Он обращается не ко мне лично, говорит в темноту, что прямо перед ним, в микрофон, которого нет, и, очевидно, по-прежнему заботится о синтаксических конструкциях и голосовых модуляциях. Сначала мы сидели внутри, но потом взяли стаканы и вышли на балкон, ведь ночь так прекрасна. Не знаю, в какой момент и почему мы завели речь об охоте на нацистов. Может, я упомянул встречу с Визенталем. Но Майк говорит об этом. И не об охоте, а об убийствах.
Не всегда было время объяснять, в чем дело, рассказывает он. Мы убивали молча и уходили. А иной раз увозили их куда-нибудь и объясняли, что к чему. Где-нибудь в поле или на складе. Одни плакали и во всем сознавались. Другие угрожали. Третьи молили о пощаде. А некоторые ничего толком и сказать не могли. Если у этого человека гараж был, случалось, и туда отводили. Веревку на стропило, петлю на шею. Ставили его на крышу автомобиля, садились за руль и выезжали из гаража. А потом возвращались проверить, умер ли он.
Мы, я верно услышал? В каком смысле мы? Ты хочешь сказать, Майк, что и сам был среди мстителей? Или это обобщенное мы — мы, евреи, — и ты просто себя к ним причисляешь?
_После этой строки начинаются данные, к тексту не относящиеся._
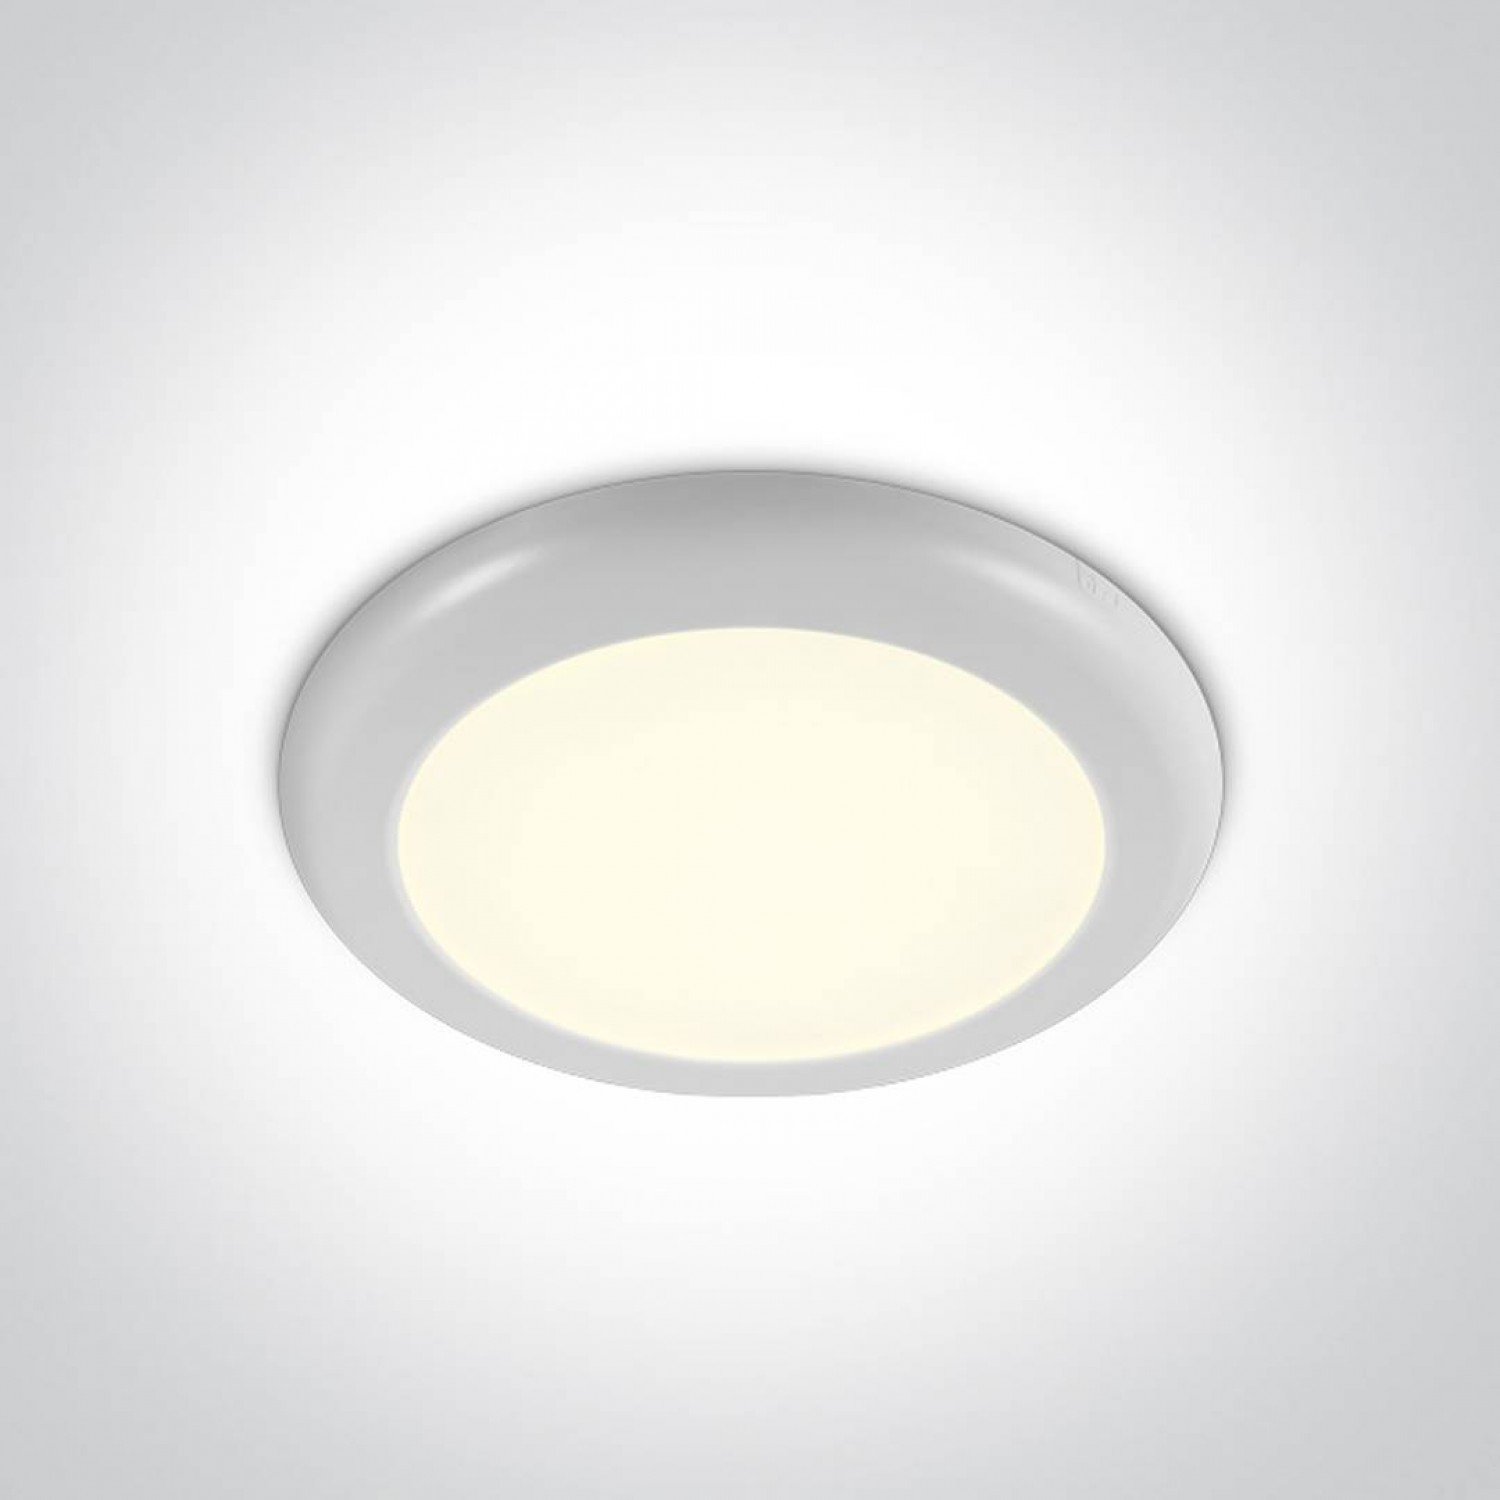 alt_image Точечный светильник ONE Light Surface/Recessed Panels Adjustable Cut Out Hole 62116F/W/C

Он описывает другие способы убийства и опять использует не вполне понятное мне «мы», потом отвлекается и рассуждает о моральном оправдании убийств нацистских военных преступников, которые иначе никогда не предстали бы перед судом — в этой жизни, они ведь скрывались под чужими именами, залегали на дно — в Южной Америке, например. А дальше Элкинс переходит к теме вины вообще: не только тех, кого убивали, но и тех, кто убивал, если только они в чем-то виноваты.
* * *
До книги Майка я добрался слишком поздно. Она наделала много шума, особенно в среде самих евреев. Ее устрашающее заглавие вполне соответствует характеру повествования и содержанию. Майк говорит, что написать эту книгу его уговорил некий Малахия Вальд — дело было в галилейском кибуце. Майк рассказывает, как впервые столкнулся с антисемитизмом, еще в детстве, в Америке, и тогда уже начал осознавать положение евреев, а ужасы холокоста и то, что он увидел в оккупированной Германии, приехав туда в качестве сотрудника УСС, заставили его прозреть окончательно. Стиль изложения контрастный: то эмоциональный, искренний, то едкий и ироничный. В мельчайших подробностях Майк описывает невообразимые зверства, которые нацисты чинили над евреями в гетто и концлагерях, и так же ярко — героизм и самопожертвование участников еврейского сопротивления.